By finally publishing detailed guidelines, the Government did the right thing, but it also lay itself open to the criticism that it had cut services, medications and equipment to package recipients.
From January 2023, providers started applying the rules, and a lot they used to supply to people they then refused to supply.
Department pretends nothing changed
The Government’s response continues to be that the guidelines they published last January are nothing new: “There has been no change in policy, however a number of providers have had to review the services that they are offering as they fall outside the aged care program,” a departmental spokesperson said.
But while there may technically not have been an actual change in policy, effectively there has been. If for six long years your provider allowed you to, say, pay your dentist’s bill from your Homecare Package funds and then in January 2023 told you ‘no’, effectively the policy has changed. A cut has been made, no matter what the departmental spokesperson says.
No wonder, people are angry.
The Government can’t even argue that people could and should have known all along, because there was simply nothing for people to go by. There was nothing where it said: this is what you can have and this is what you can’t have.
Even now, we only have a Home Care Packages Program Operational Manual, which is subtitled A guide for home care providers. There’s no plain English guide for people who are on a Home Care Package.

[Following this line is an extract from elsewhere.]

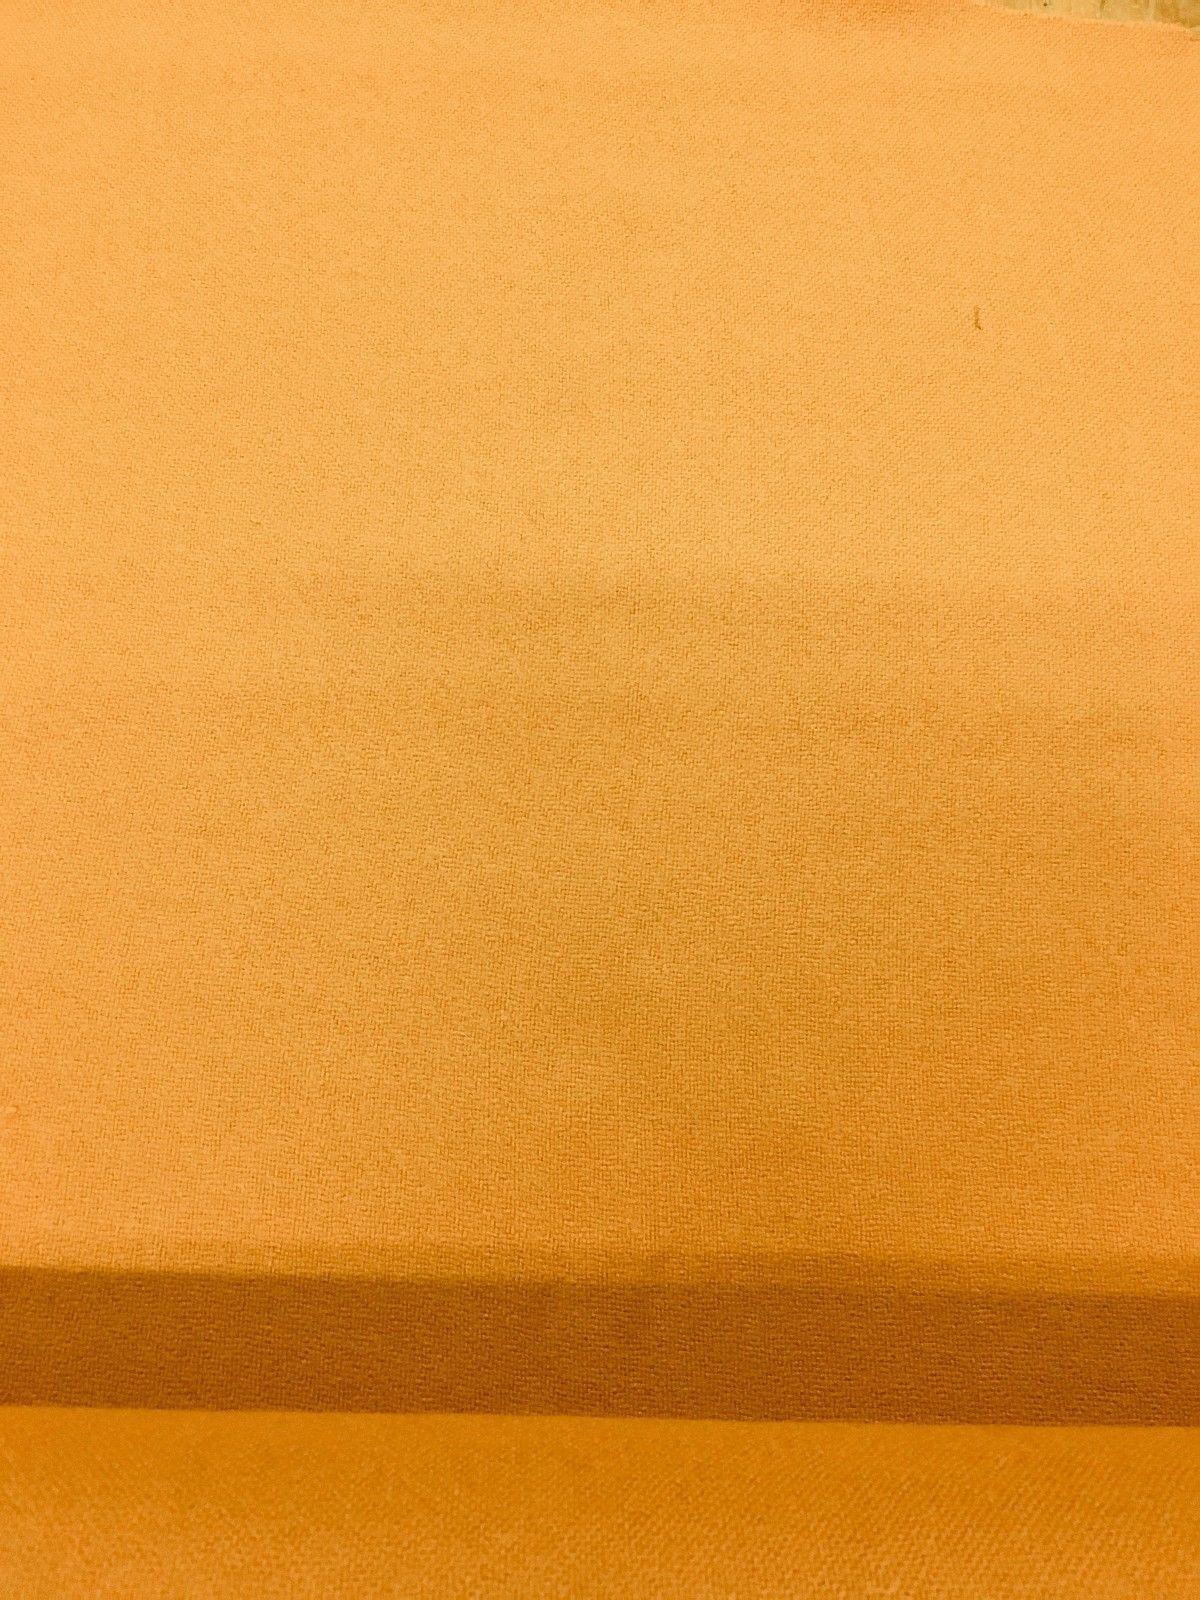 4.5 yds Mid Century Upholstery Fabric Hopsack Orange Wool AG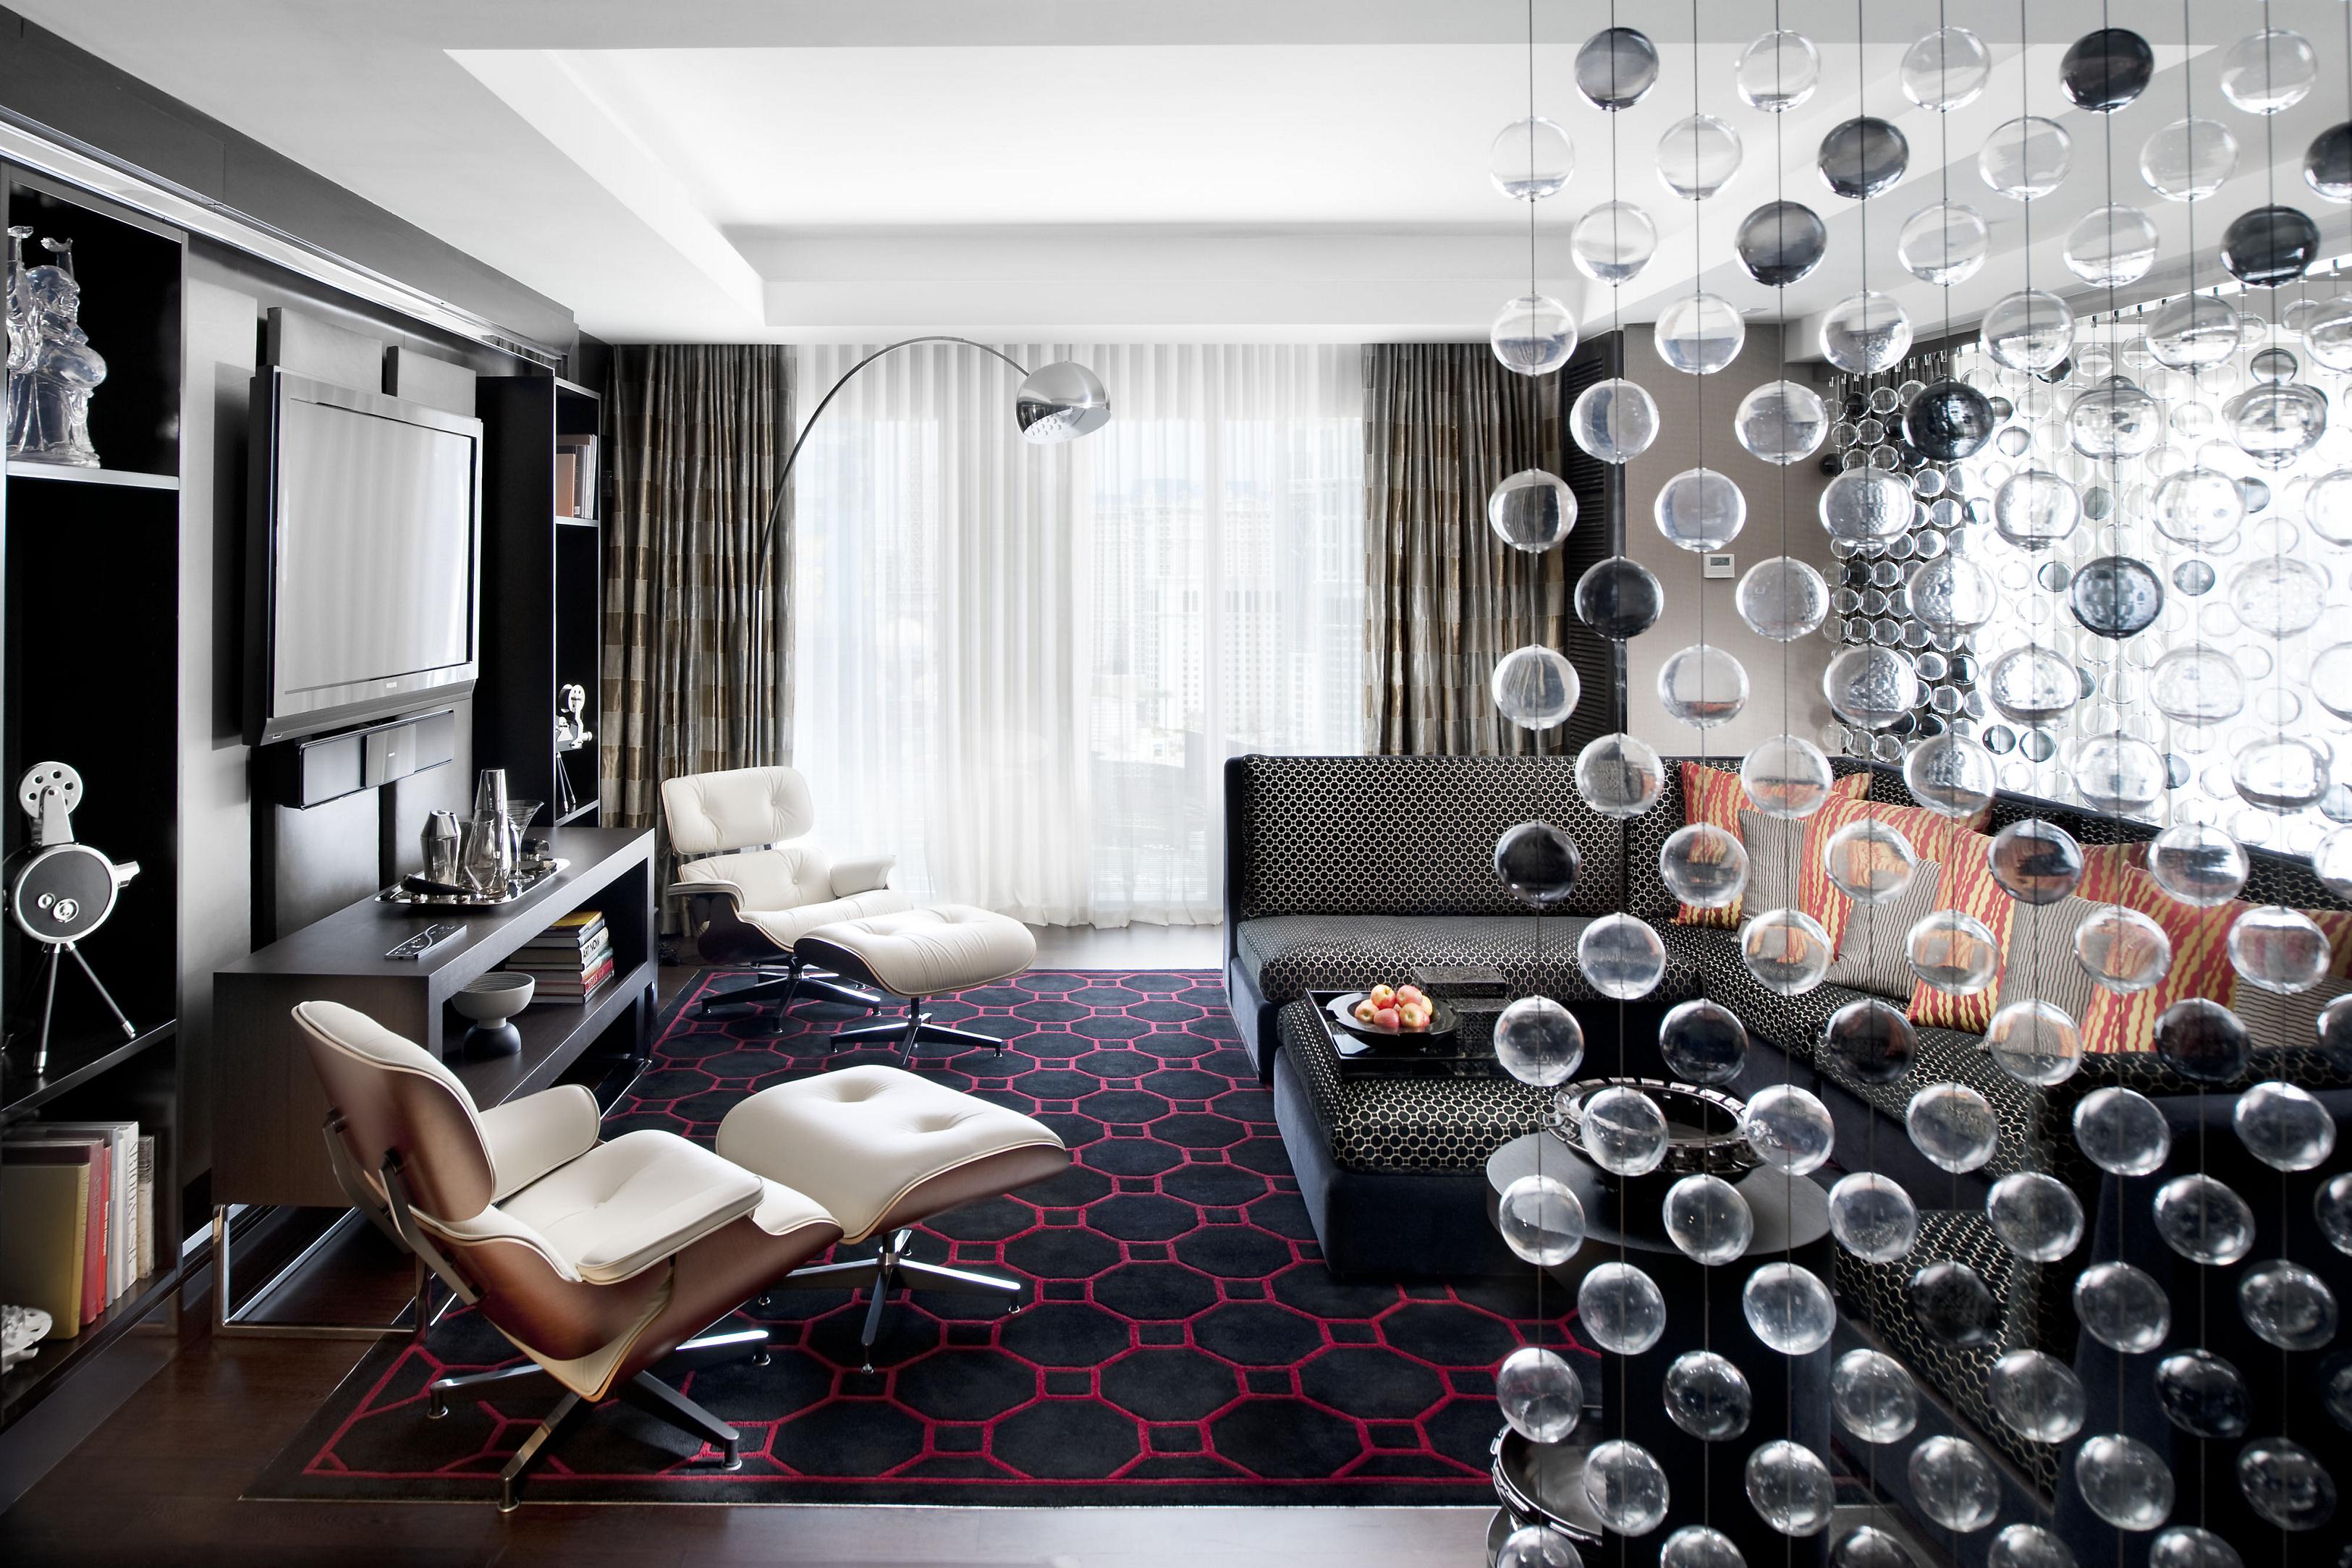 las-vegas-suite-emperor-suite-media-room-5

Department of Health and Aged Care, this is a cue for you to produce one! After all, you as a Department are big on ‘self-managed care’, so how about giving care recipients the tool to help them do so?
On the other hand, some of the things which are now explicitly listed as exclusions for Home Care Package funding are pretty obvious, such as mortgage repayments or TVs.
The Home Care Packages Program Operational Manual gives plenty of examples of inclusions falling under the headings of support services, care services and clinical services.
It does the same for exclusions. Things you pay for throughout your life regardless of age. Anything to do with ordinary accommodation costs. And, as mentioned, any services provided under other state, territory and Commonwealth programs, even if you also have to make a personal contribution or if those government programs are inadequate, even when they’re effectively unavailable, which they often are.